Although identity theft and identity fraud may seem similar. Though the terms may even be used interchangeably, they are not the same. Understanding the difference between these two crimes can help you protect yourself and prepare adequately to handle them when they happen.
What is identity theft?
Identity theft is the stealing of personal data (private or financial information) with the intent of using it to assume another’s person’s identity. Critical information that identity fraudsters target includes full name, date of birth, address, bank accounts, passwords, social security number, and credit card numbers.
Because of technological advancements, today’s criminals can commit identity theft on a broader scale than ever before. For example, They can hack into government and business servers and steal the personal information of millions of people instantly. Other common methods that criminals use to steal your data include:
- Malware- Fraudsters commonly use “freebies” to lure you into downloading free software loaded with malware to open up your computer and your network to the criminals.

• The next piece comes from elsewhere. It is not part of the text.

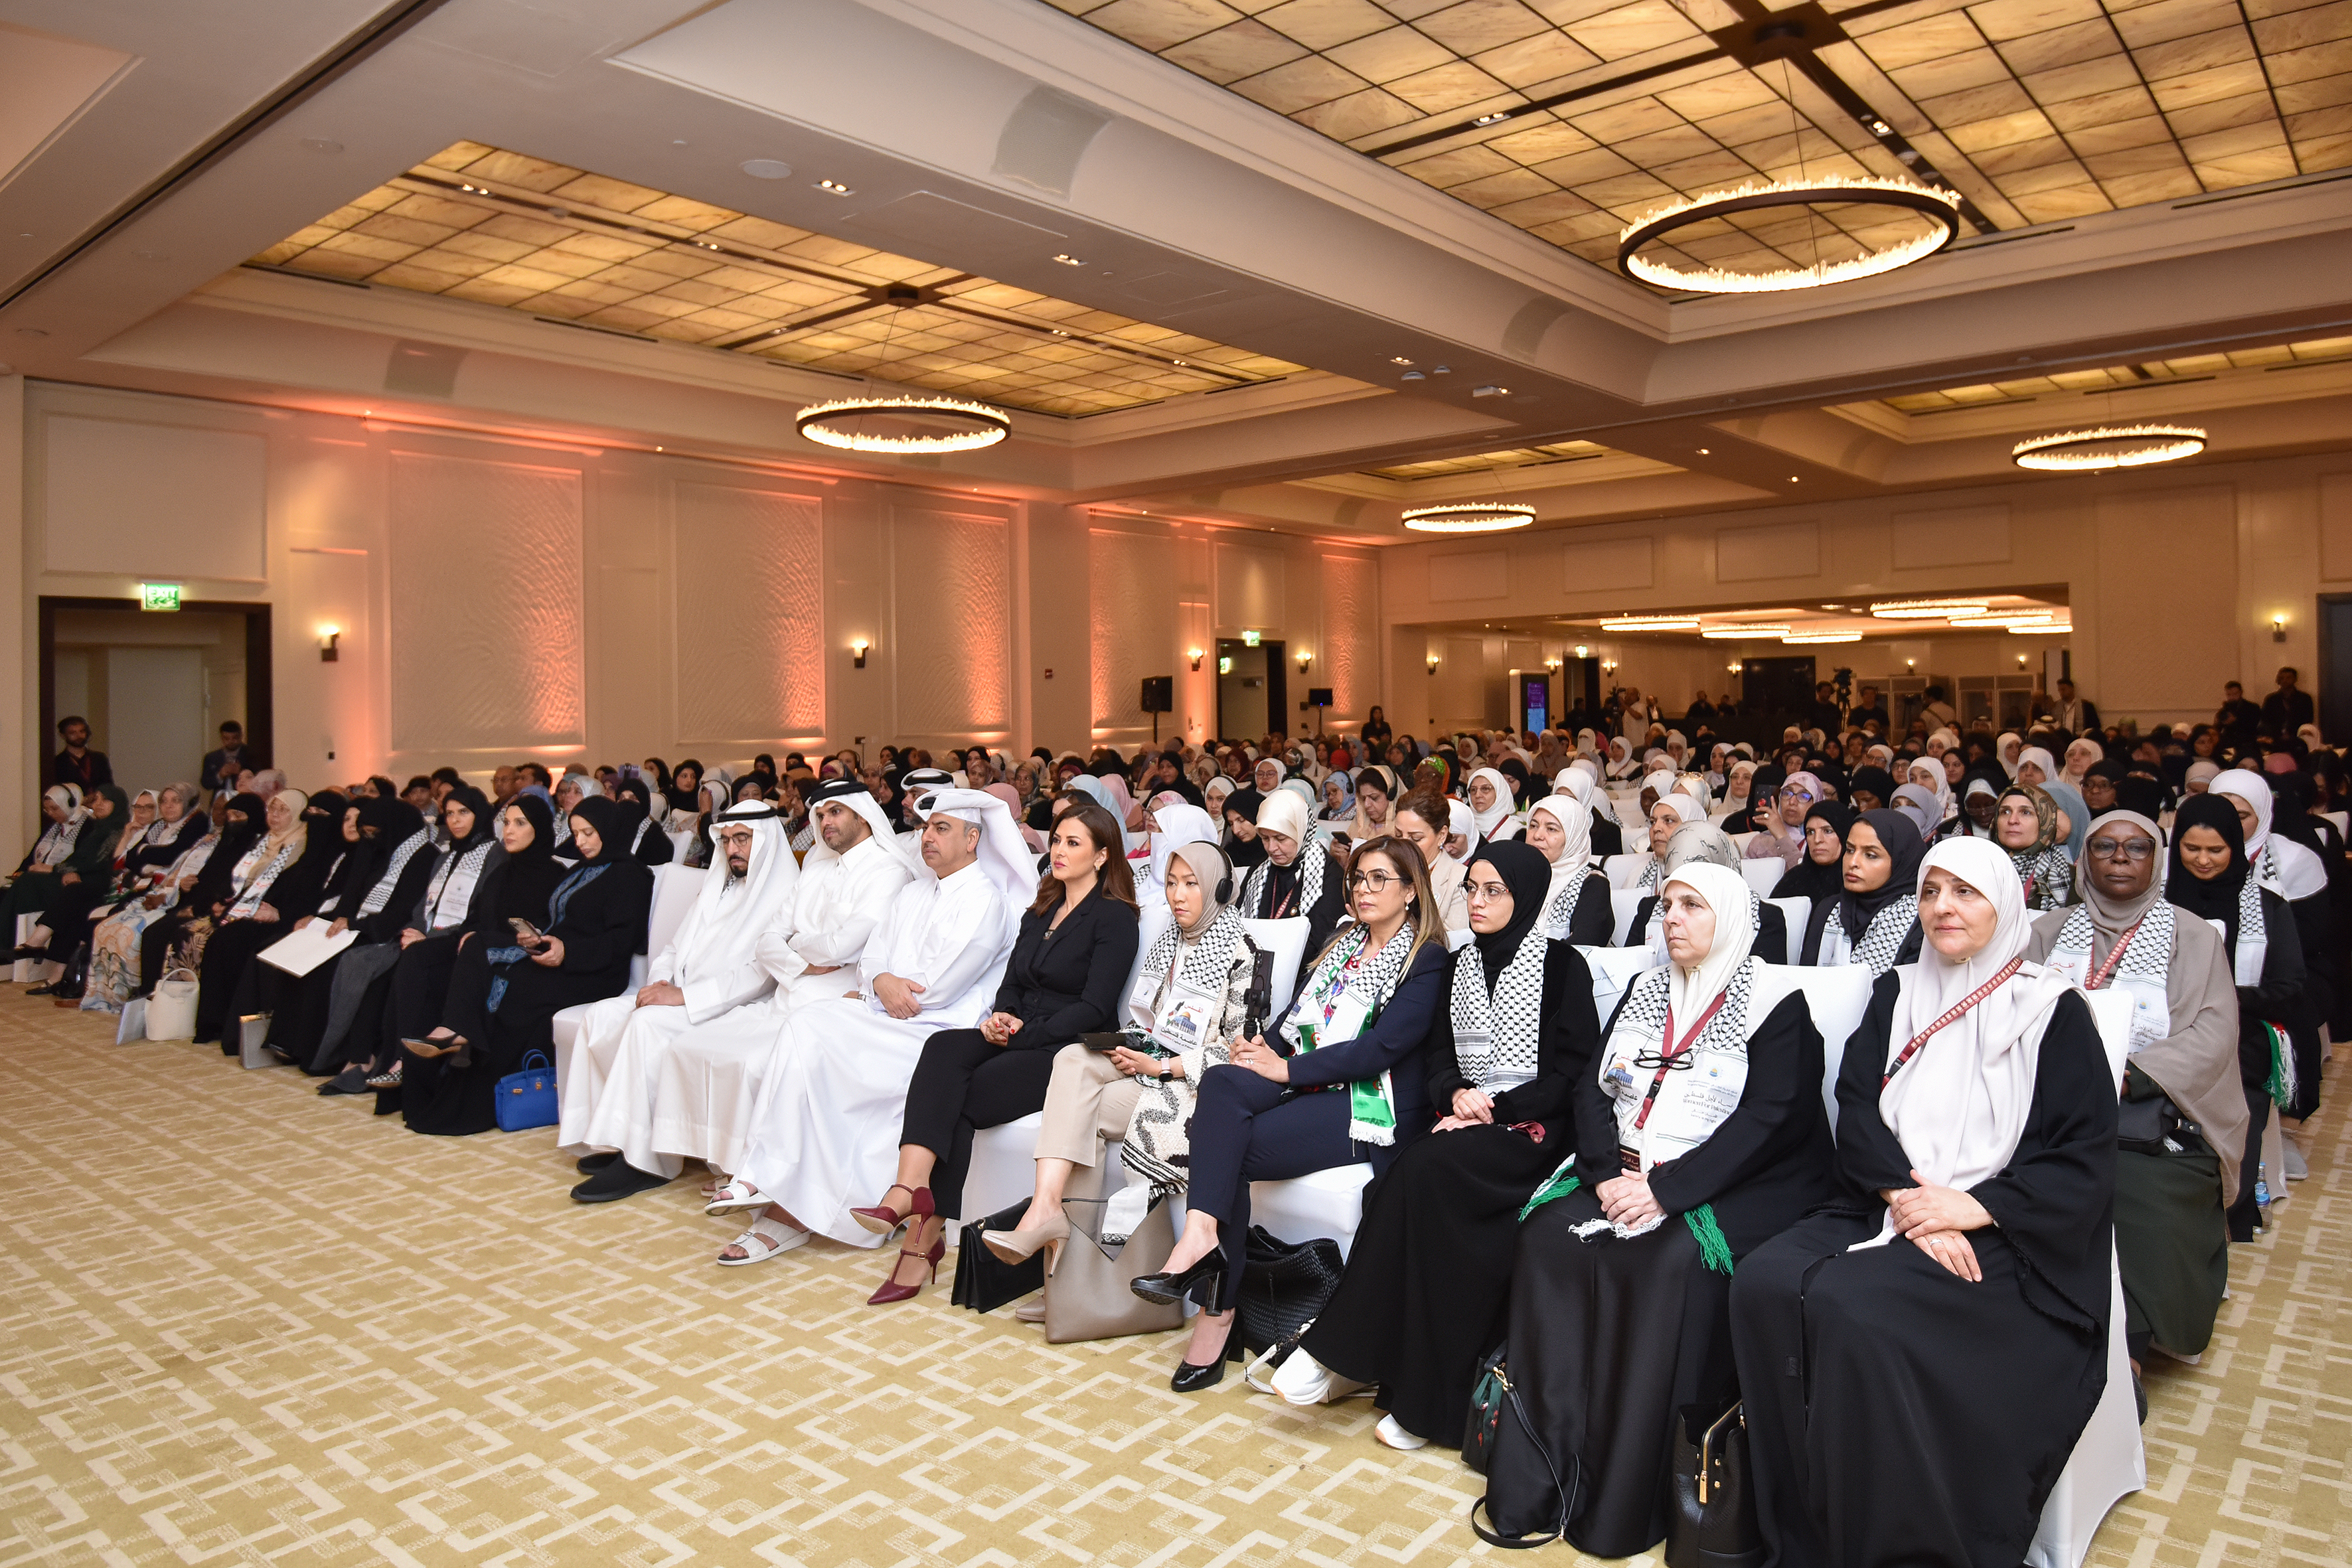 انعقاد مؤتمر القيادات النسائية الدولي لدعم المرأة والطفل الفلسطيني "الأمان حقي" في قطر

- Phishing – In a phishing attempt, a criminal emails the intended victim using a malicious email. If the recipient of the email acts on it, the criminal gains access to a large amount of the victim’s data.
- Low tech tactics- An identity thief does not necessarily require sophisticated skills to steal personal details. Simple methods such as dumpster diving, mail theft, or collecting a lost wallet or mobile phone can help fraudsters lay their hands on valuable information.
What is identity fraud?
Identity fraud is the use of stolen private, personal, or financial information. Identity fraud affects the individual whose identity is used as well as the business where the fake identity is used to make transactions.
Fraudsters don’t always have to use the identity of a living person. They sometimes use the identity of a deceased person to commit fraud. Criminals can also use different pieces of information from different people to create a new identity.
Some of the most common types of identity fraud include:
- Credit card fraud – A criminal uses a stolen credit card or credit card number to purchase something
- Phone or utility fraud involves using someone else’s info to open a cell phone or utility account
- Loan or lease fraud- Using someone else’s information to get a lease or a loan
- Employment or tax-related fraud- Utilizing someone else’s info and social security number to file an income tax return or gain employment
- Bank fraud- Fraudsters use someone else’s details to open an account or take over an existing financial account
- Government benefits fraud- Obtaining government benefits by using someone else’s information
- Criminal identity fraud- An arrestee uses someone else’s name and identifying information when presenting himself or herself to the authorities.
As you can see, there is a difference between these two crimes. While identity theft is the stealing of someone else’s private information, identity fraud is the fraudulent use of this information. Remember to keep your private information safe. This will help minimize the chances of becoming a future victim of identity theft or fraud.